Establishing Rules About Alcohol for Your 11-Year-Old

Now Is the Right Time!

As a parent or those in a parenting role, you play an essential role in your child’s success. There are intentional ways to grow a healthy parent-child relationship, and creating rules about alcohol helps establish the supportive conditions necessary for your child to deal with risk.

Underage drinking remains a temptation for children/teens due to peer pressure and mixed messages in our society. If alcohol is consumed, it can have a significant impact on their brain development and overall health and safety.1 Children/teens ages 11-14 will likely be introduced to more significant risk-taking opportunities, including drug and alcohol use and risky sexual behaviors.
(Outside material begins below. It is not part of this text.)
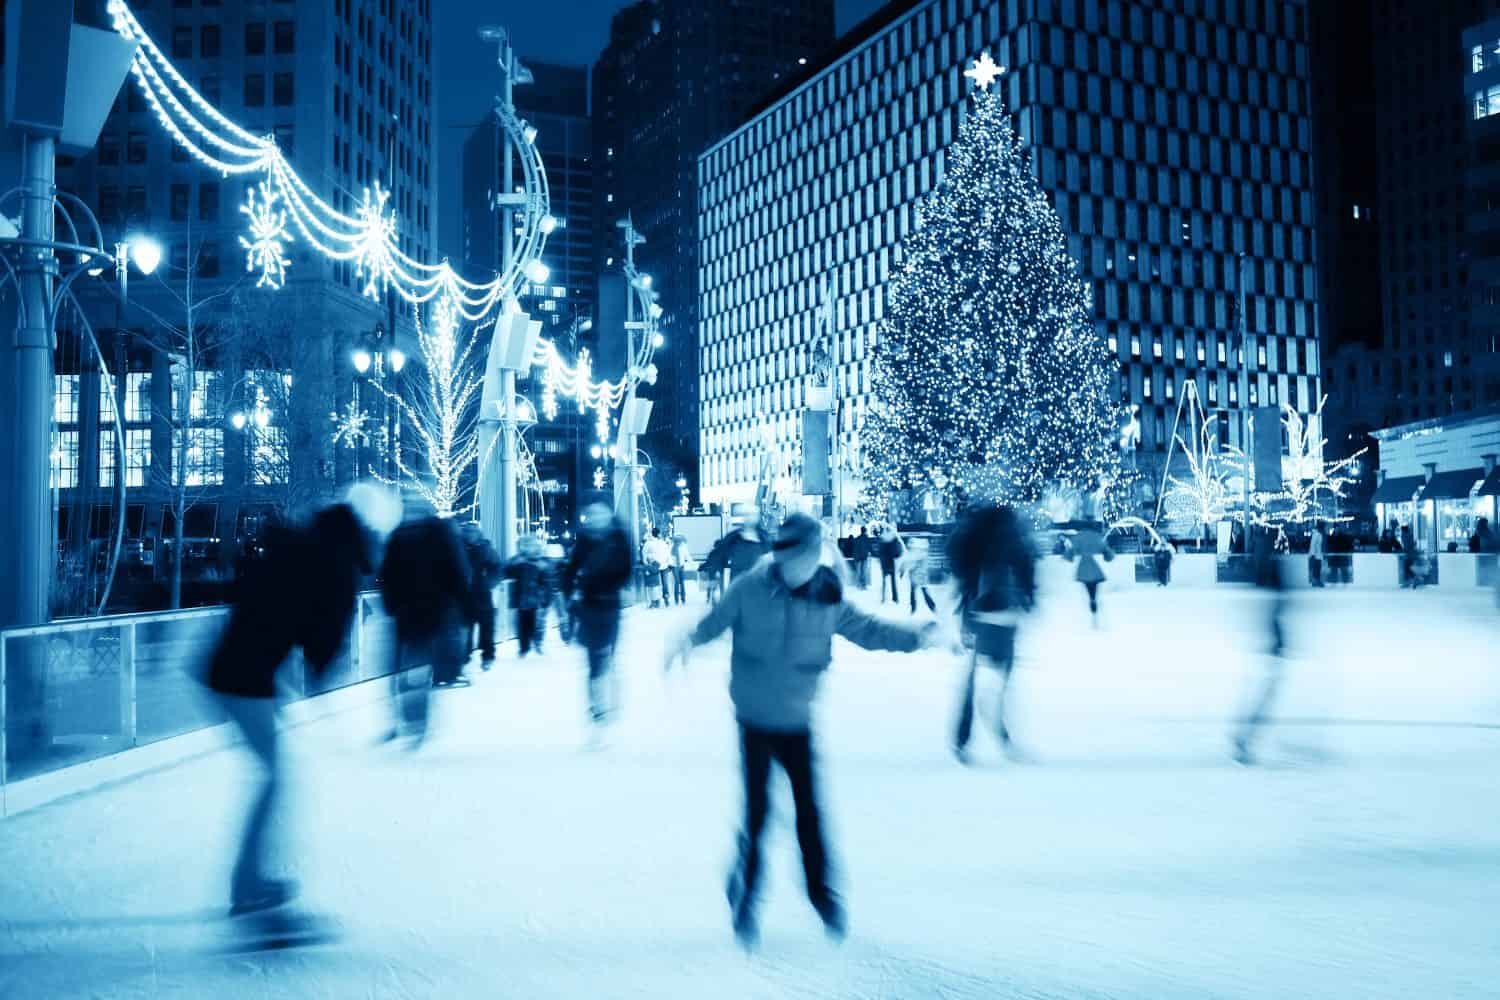 Ice Skating at Christmas (motion blur)

A parent’s role is to provide information and skills for our children/teens to make good choices. The overall goal is to delay the use of any substances by our children/teens as long as possible so that the growing adolescent brain and body are not negatively impacted.

Most parents or those in a parenting role will face challenges in establishing rules about alcohol. “Why can’t I go to the (unsupervised) party?” you may hear from your child/teen. As children/teens are increasingly influenced by their peers, conflicts can occur when they are eager to do what their friends do, regardless of the risks involved. Your child/teen needs your involvement in establishing clear boundaries and providing monitoring and support to navigate peer pressure successfully.
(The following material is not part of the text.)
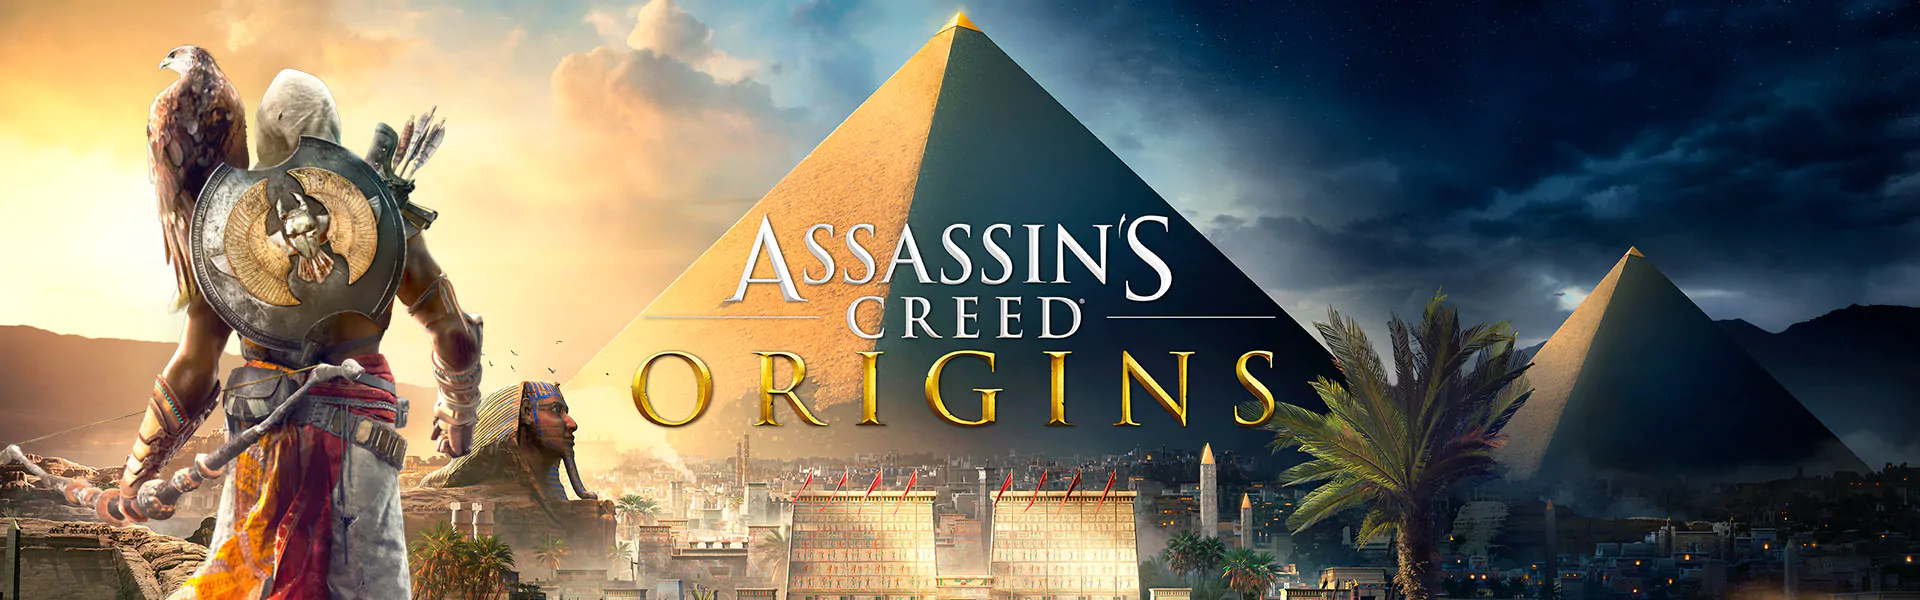 Revelado o trailer de Assassin’s Creed Origins | E3 2017

The key to many parenting challenges, like establishing rules about alcohol, is finding ways to communicate so that both your needs and your child’s/teen’s needs are met. The steps below include specific, practical strategies and effective conversation starters to prepare you.

Why Rules About Alcohol?

Whether discovering the liquor cabinet has been opened by your curious eleven-year-old or arguing over your fourteen-year-old attending a friend’s unsupervised party, establishing rules about alcohol can help your family prepare for dealing with challenges cooperatively while growing essential skills in your child/teen.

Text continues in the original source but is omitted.